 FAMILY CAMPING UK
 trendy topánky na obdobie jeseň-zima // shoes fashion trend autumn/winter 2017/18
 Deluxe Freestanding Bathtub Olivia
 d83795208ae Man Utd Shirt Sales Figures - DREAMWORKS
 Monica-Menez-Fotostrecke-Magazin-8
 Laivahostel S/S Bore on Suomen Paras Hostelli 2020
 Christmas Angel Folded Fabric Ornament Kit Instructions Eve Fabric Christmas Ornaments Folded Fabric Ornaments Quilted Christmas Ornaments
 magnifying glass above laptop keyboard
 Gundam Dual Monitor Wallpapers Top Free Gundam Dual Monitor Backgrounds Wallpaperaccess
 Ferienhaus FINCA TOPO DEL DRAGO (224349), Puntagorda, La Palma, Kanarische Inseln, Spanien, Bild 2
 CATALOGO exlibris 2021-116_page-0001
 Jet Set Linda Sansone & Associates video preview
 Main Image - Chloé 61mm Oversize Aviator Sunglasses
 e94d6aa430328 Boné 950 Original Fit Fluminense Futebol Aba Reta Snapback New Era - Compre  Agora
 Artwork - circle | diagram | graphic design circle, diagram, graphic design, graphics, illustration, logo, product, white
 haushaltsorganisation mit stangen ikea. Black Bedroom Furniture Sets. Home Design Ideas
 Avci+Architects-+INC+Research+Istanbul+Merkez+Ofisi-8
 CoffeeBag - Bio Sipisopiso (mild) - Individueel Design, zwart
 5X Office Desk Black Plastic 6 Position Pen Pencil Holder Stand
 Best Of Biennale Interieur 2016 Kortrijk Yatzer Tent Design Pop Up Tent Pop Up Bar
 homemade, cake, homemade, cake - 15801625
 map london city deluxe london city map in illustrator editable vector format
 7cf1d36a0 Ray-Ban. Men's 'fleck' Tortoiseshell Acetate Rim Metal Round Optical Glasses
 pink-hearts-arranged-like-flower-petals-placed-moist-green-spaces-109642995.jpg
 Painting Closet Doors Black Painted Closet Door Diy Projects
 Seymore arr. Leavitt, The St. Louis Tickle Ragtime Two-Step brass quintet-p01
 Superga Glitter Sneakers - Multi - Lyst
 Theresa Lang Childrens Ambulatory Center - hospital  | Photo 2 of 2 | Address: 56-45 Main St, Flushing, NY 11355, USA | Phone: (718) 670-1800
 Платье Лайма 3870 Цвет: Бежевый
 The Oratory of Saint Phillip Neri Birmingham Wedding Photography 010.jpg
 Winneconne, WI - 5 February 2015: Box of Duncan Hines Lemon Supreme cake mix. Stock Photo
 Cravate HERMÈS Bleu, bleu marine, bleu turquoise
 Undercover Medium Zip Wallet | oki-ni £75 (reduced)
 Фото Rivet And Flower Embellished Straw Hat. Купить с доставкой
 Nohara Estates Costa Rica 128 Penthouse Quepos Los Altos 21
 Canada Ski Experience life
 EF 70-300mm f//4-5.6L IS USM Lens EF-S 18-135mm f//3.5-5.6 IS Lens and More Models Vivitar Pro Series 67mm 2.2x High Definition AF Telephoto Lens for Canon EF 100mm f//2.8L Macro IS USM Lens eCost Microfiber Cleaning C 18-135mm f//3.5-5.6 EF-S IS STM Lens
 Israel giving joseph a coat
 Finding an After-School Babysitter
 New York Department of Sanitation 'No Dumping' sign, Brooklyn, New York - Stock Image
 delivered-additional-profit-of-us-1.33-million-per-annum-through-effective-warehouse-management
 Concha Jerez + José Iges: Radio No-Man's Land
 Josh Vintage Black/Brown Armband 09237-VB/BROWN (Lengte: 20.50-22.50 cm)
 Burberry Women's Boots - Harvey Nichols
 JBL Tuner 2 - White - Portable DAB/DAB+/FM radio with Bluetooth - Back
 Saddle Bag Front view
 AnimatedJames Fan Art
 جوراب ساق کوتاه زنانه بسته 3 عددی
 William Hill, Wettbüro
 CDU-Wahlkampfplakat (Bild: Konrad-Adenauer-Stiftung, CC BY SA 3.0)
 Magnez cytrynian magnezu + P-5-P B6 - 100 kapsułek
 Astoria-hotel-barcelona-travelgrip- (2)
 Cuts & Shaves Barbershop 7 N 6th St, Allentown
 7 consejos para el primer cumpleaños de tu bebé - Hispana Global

Task details:
Which lines in the records above contain the string "Bild"? Copy them.

Finished exercise:
 Ferienhaus FINCA TOPO DEL DRAGO (224349), Puntagorda, La Palma, Kanarische Inseln, Spanien, Bild 2
 CDU-Wahlkampfplakat (Bild: Konrad-Adenauer-Stiftung, CC BY SA 3.0)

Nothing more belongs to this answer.